━━━━━ Collected material

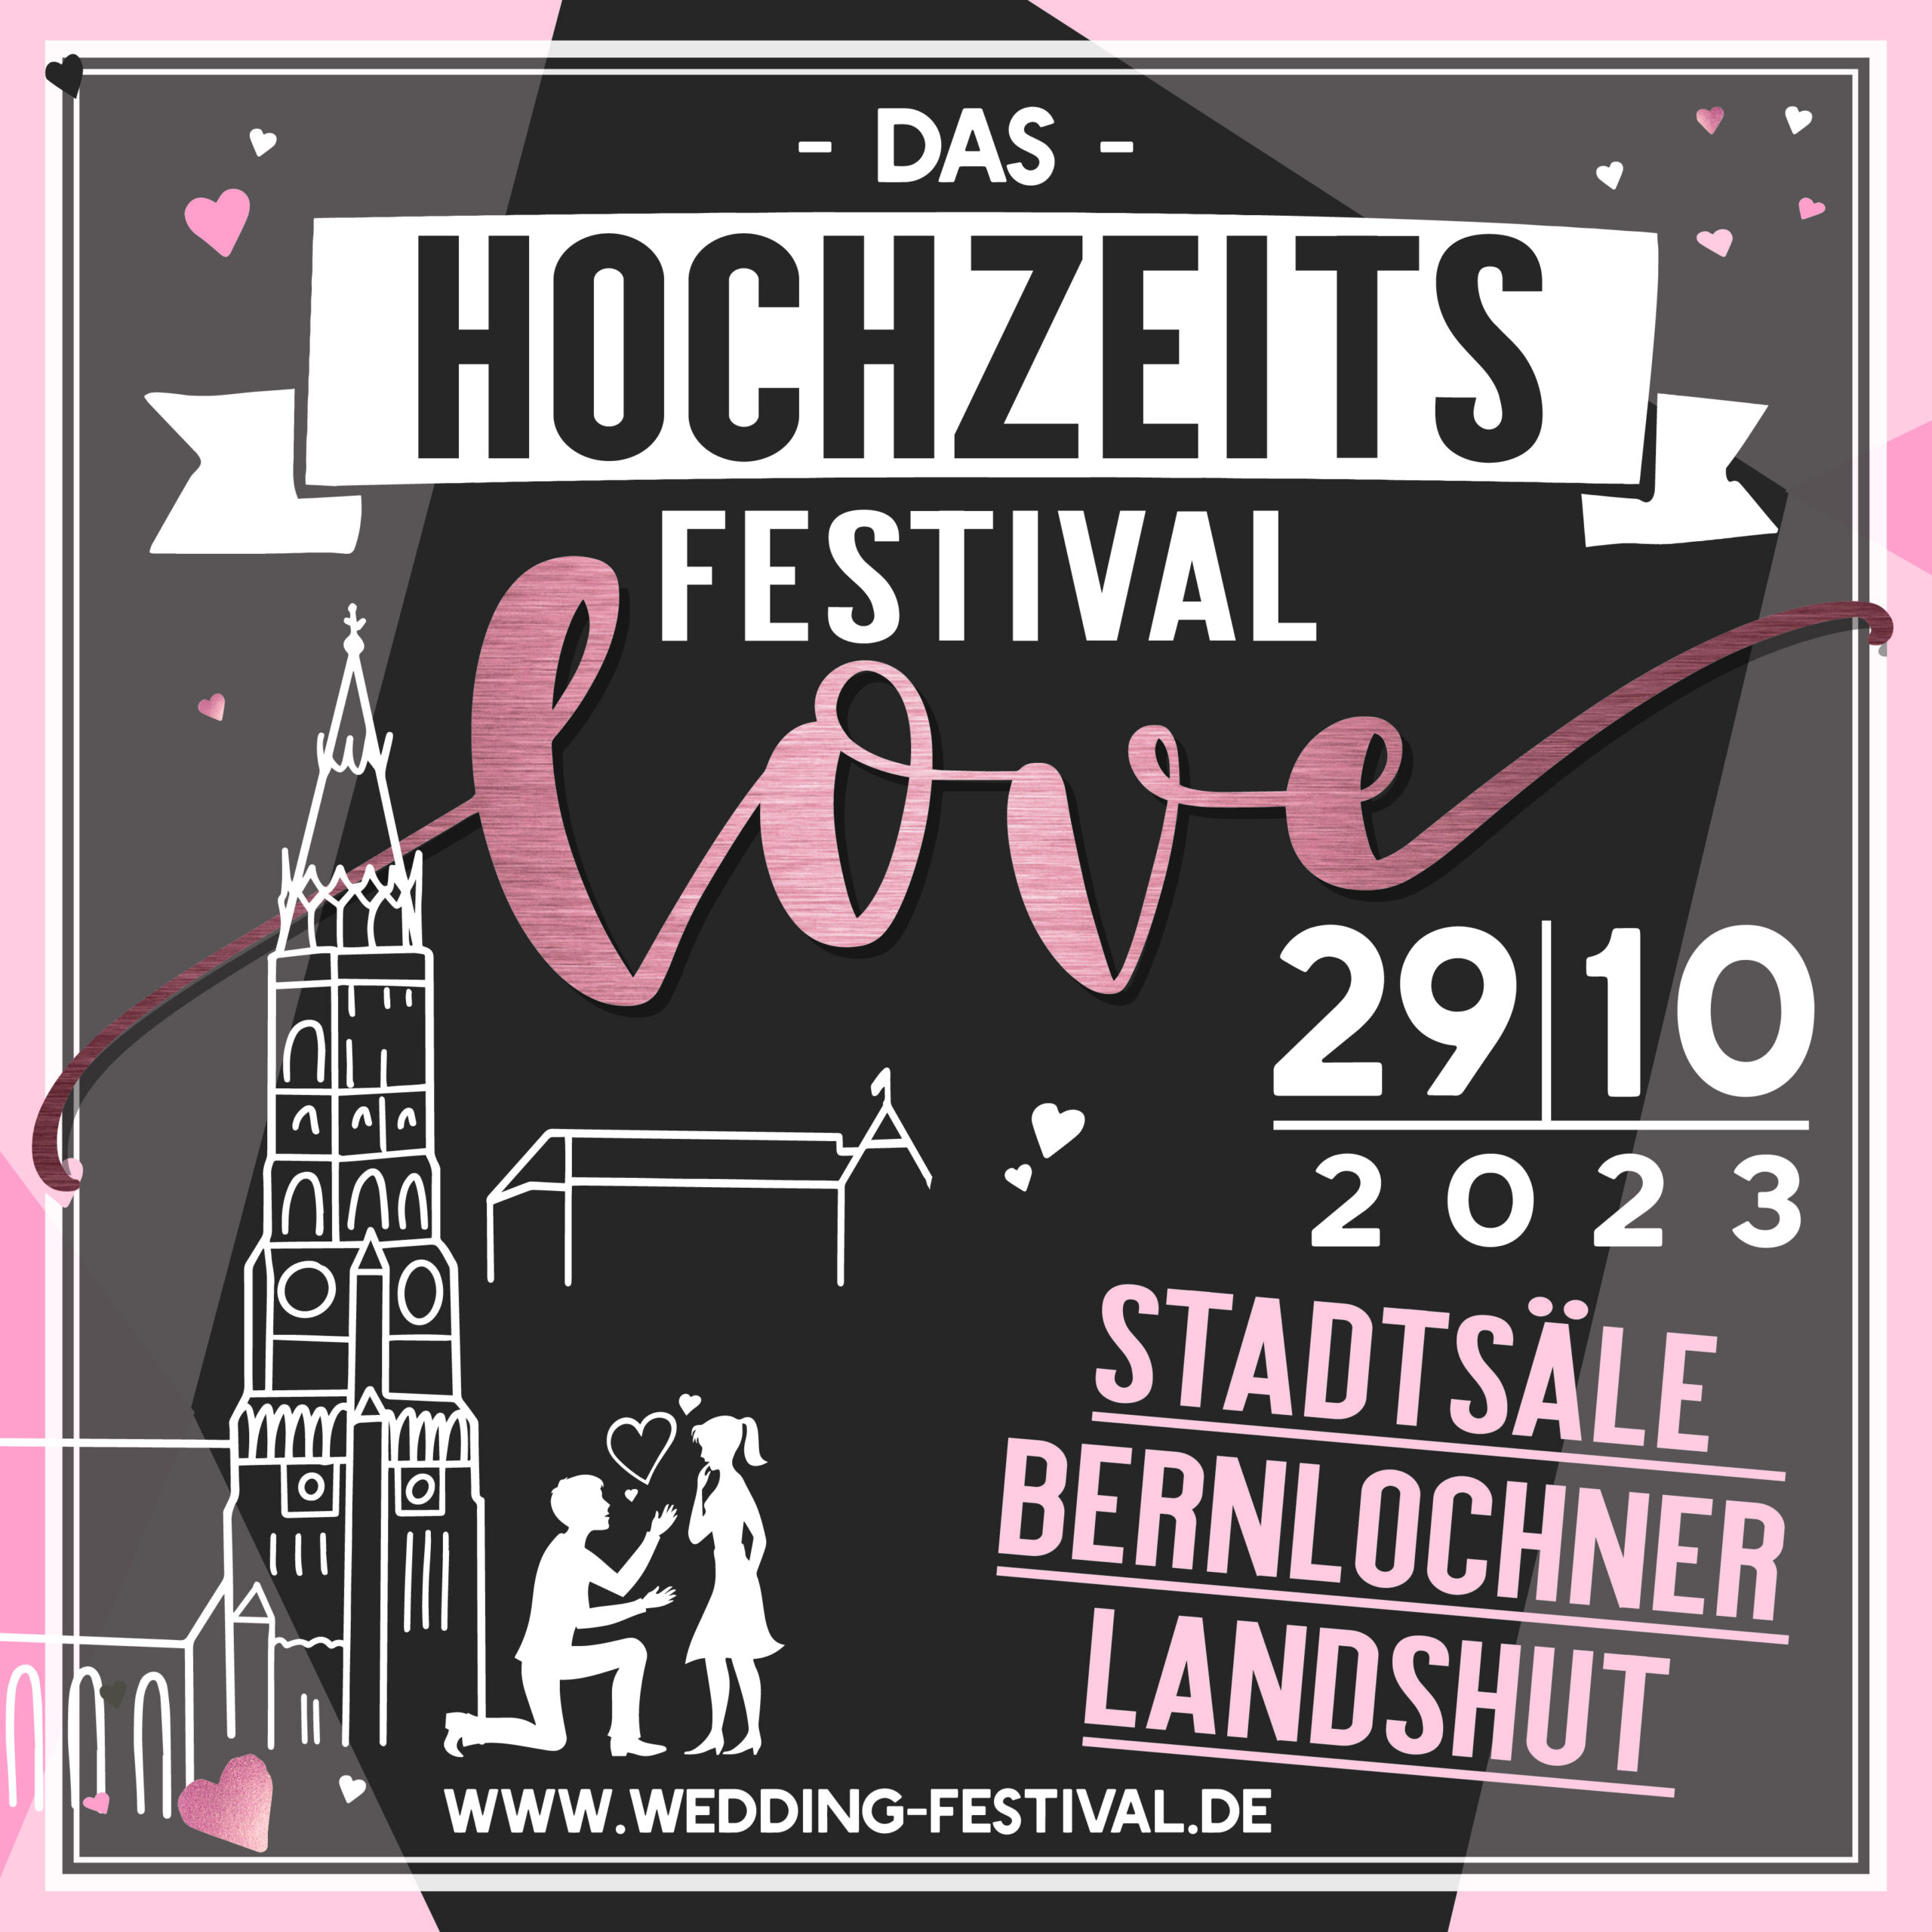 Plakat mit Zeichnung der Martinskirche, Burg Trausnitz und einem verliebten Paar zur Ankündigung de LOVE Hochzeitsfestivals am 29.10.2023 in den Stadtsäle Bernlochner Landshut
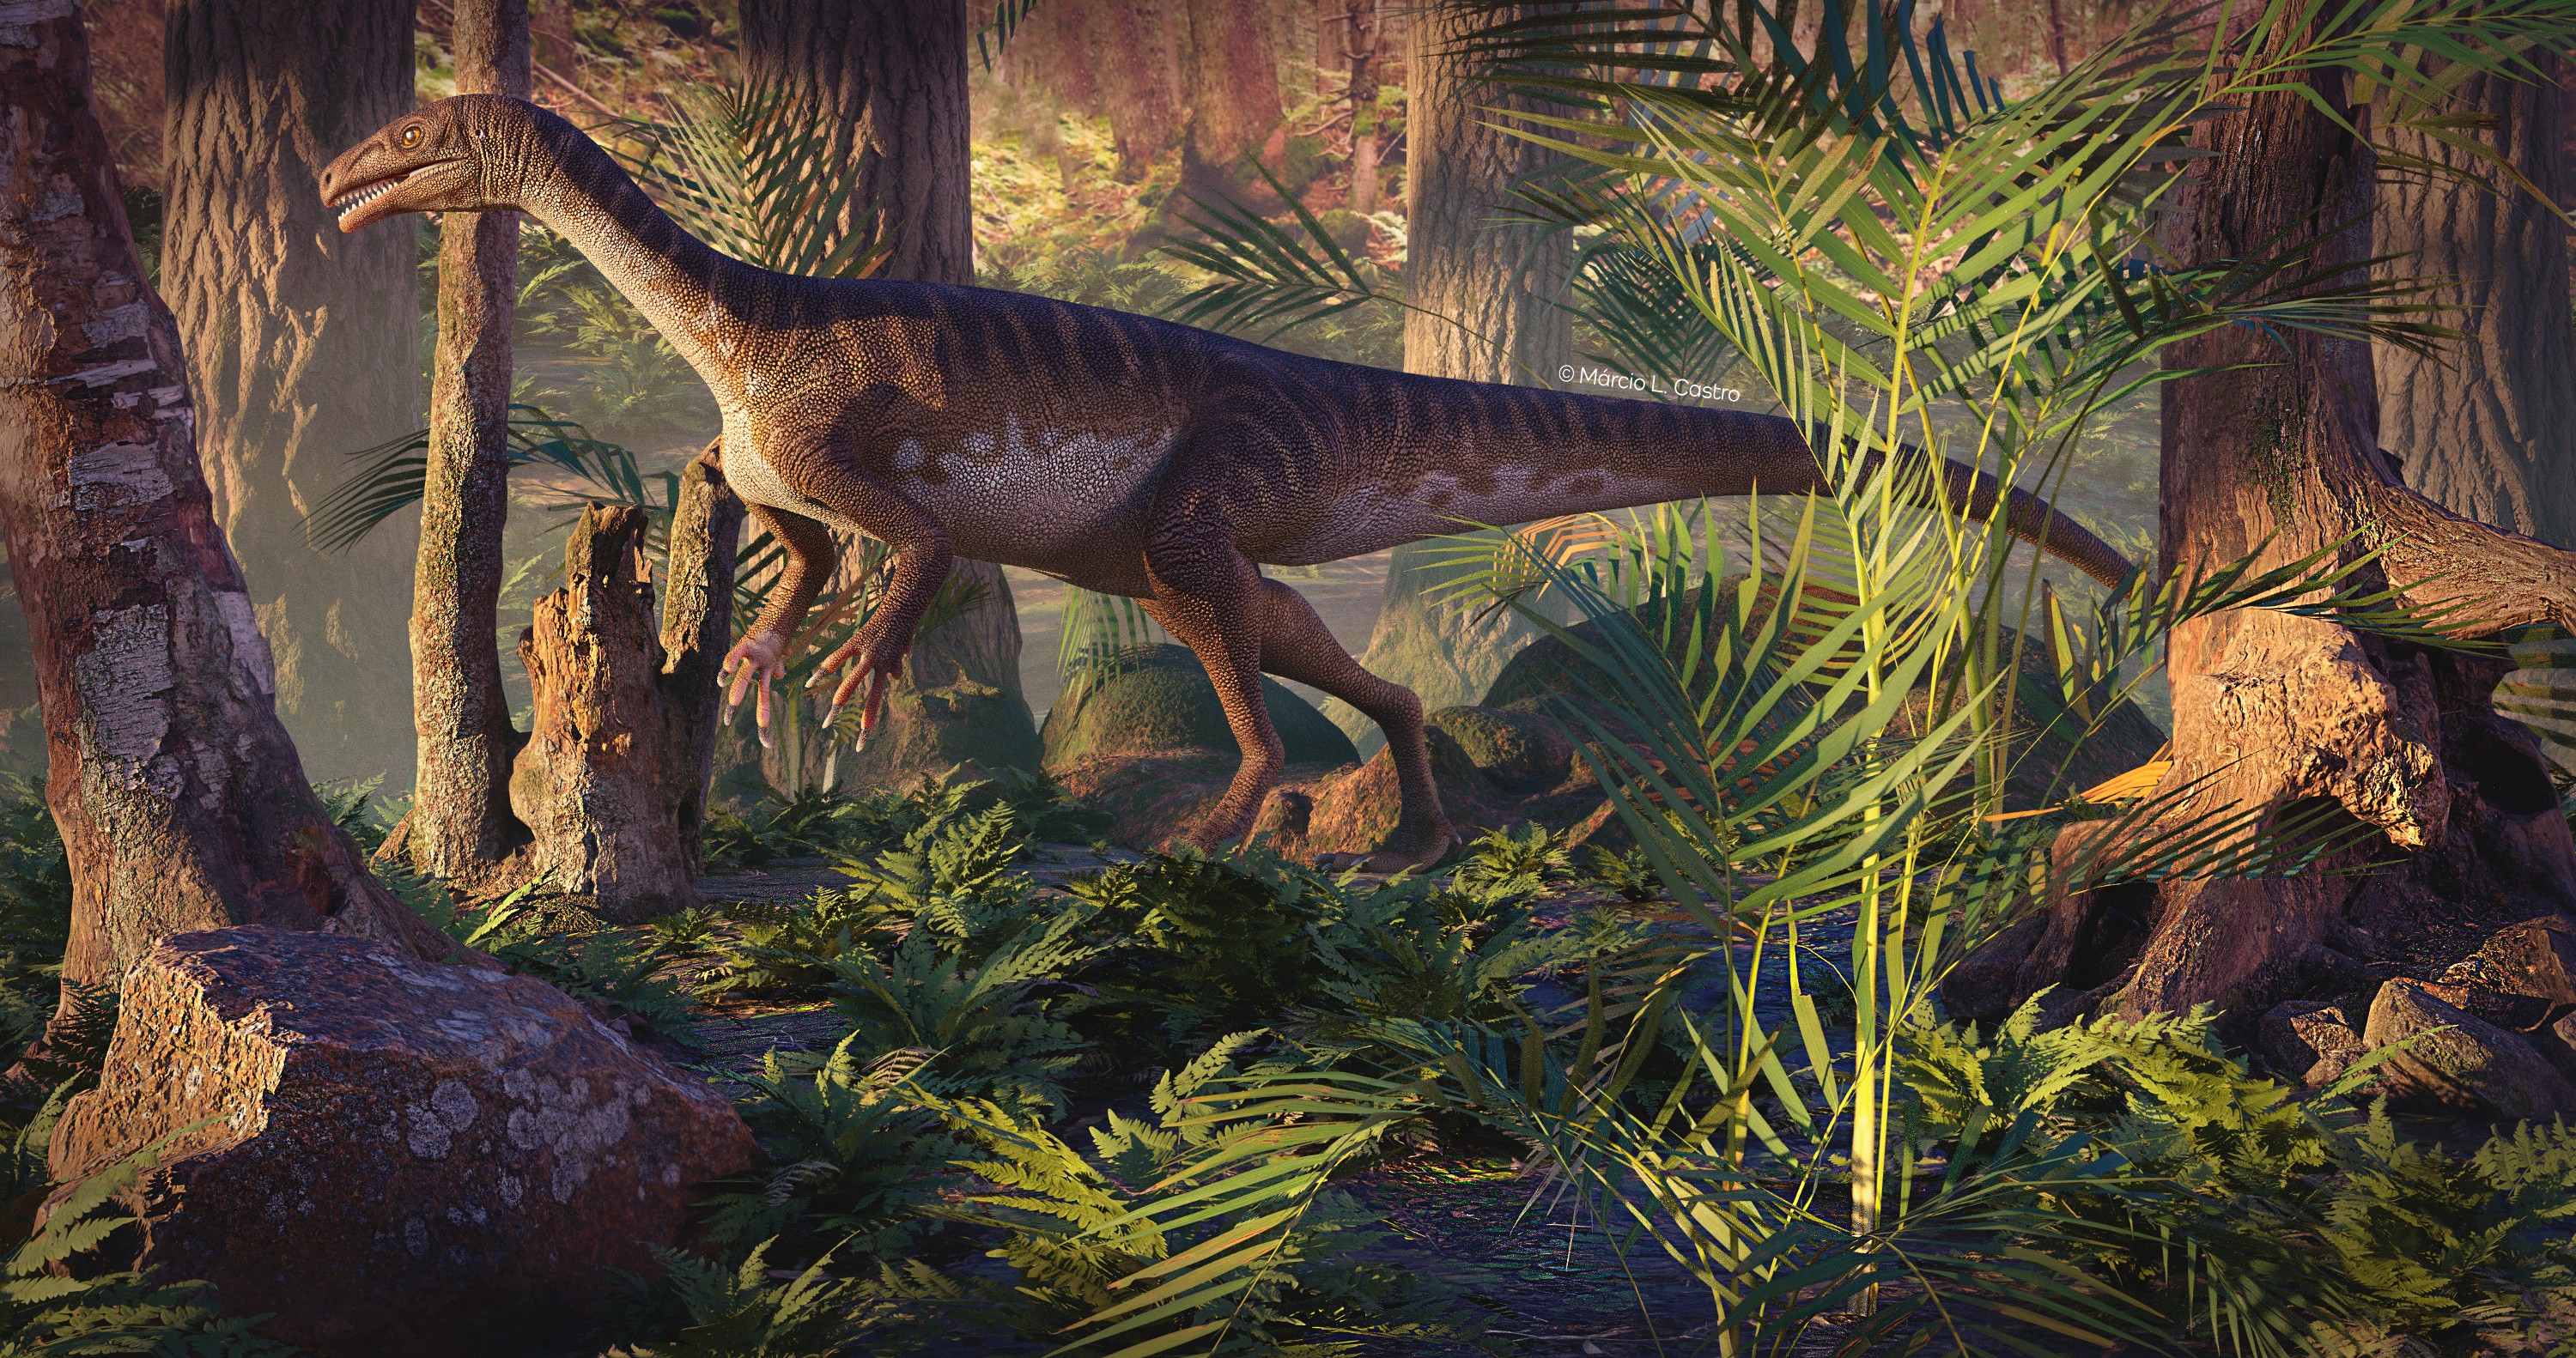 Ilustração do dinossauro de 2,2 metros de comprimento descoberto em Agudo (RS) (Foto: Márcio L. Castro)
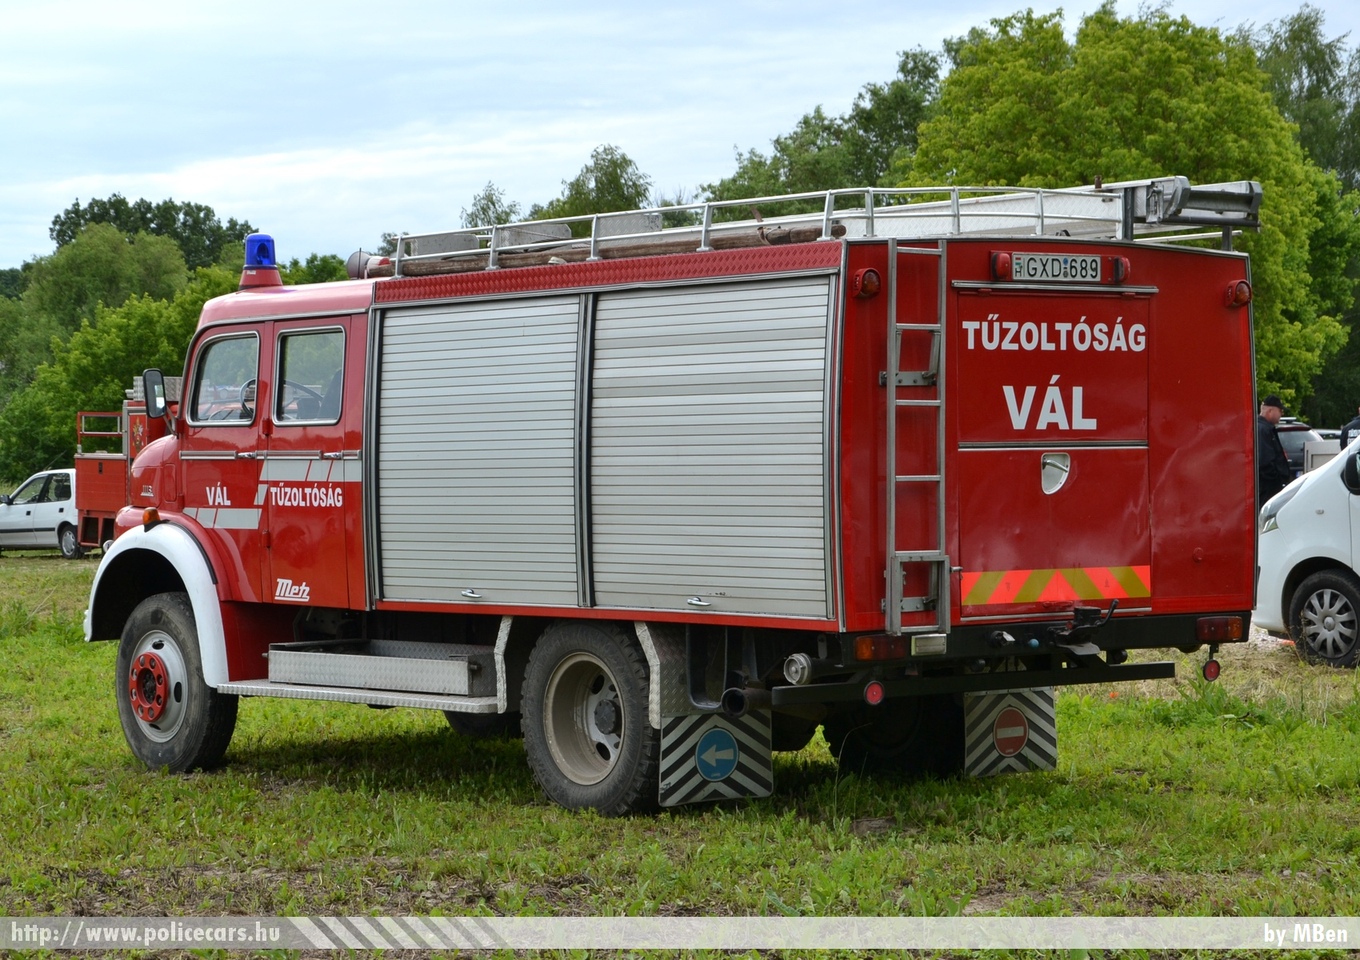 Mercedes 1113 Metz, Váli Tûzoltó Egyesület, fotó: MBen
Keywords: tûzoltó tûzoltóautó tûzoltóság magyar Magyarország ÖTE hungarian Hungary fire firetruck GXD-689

━━━━━━━━━━

Going from the line with "Ilustração do dinossauro" to the last line of the listing, write out each line exactly and nothing else. Leave out all pictures.

 Ilustração do dinossauro de 2,2 metros de comprimento descoberto em Agudo (RS) (Foto: Márcio L. Castro)
 Mercedes 1113 Metz, Váli Tûzoltó Egyesület, fotó: MBen
Keywords: tûzoltó tûzoltóautó tûzoltóság magyar Magyarország ÖTE hungarian Hungary fire firetruck GXD-689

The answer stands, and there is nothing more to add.